# Microwave proofing of bread



## Adillo303 (Apr 15, 2008)

Has anyone tried this, besides me?

Sometimes, when I make bread and I am not favorably impressed with rising conditions, temp and humidity, in the kitchen, I micro proof.

After the initial kneeding, I coat the inside of a pyrec bowl with a light coat of olive oil. I put the dough ball in there and cover it with a towel. I then give it 25 seconds in the microwave. I take the bowl out and turn the dough ball over. I wait a total of two minutes and give it another 25 seconds. After that, I turn the ball again and wait 15 minutes. A final 25 second cycle and place the covered bowl in a warm place to finish rising. It usually takes a bunch of time of the first rising and into the second rising.

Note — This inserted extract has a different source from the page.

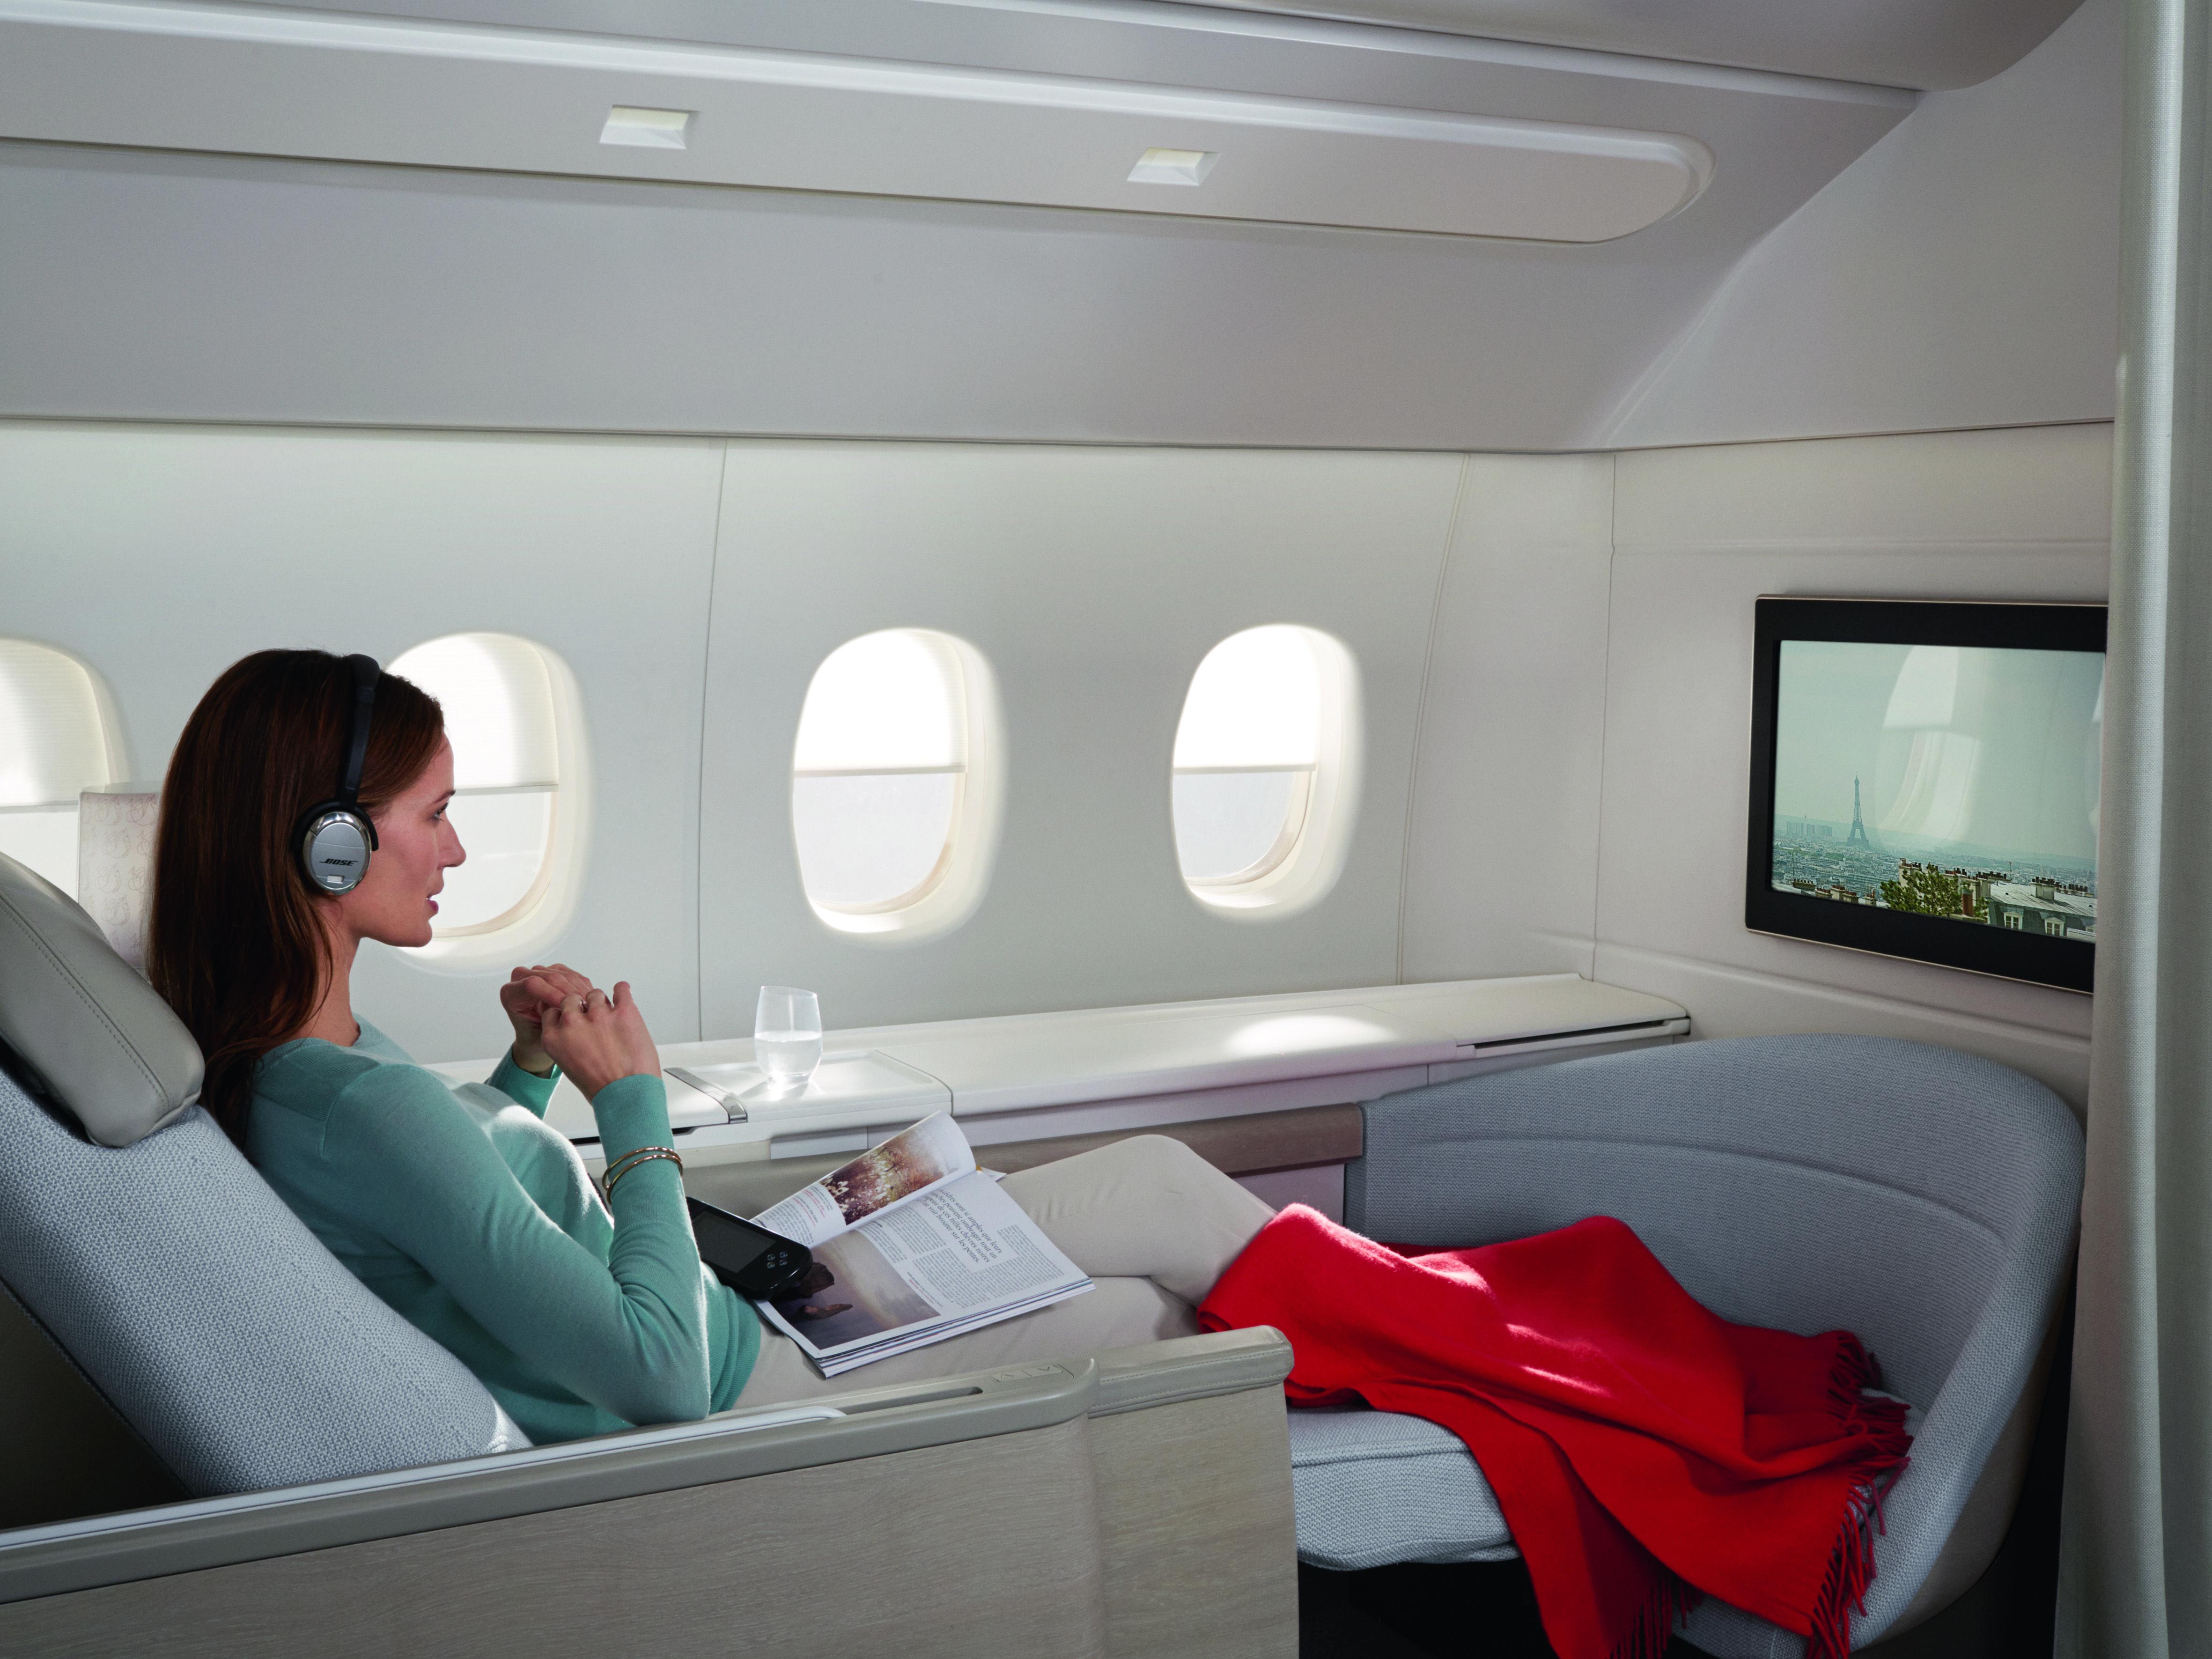 Air France's La Première cabin, composed of 4 private

While, I have read that faster may cost flavor, I cannot tell the difference.

As a friend form Brooklyn once said to me "Just askin?"


----------



## YT2095 (Apr 15, 2008)

yes I have tried it, and I don`t recommend it, you get "hot Spots" (local heating) that will kill the yeast in some areas, I`v even done a "loaf" in the MW before, I used to grease a pottery bowl and make it in that, but the Prooving has to be done with normal heat (black body radiation).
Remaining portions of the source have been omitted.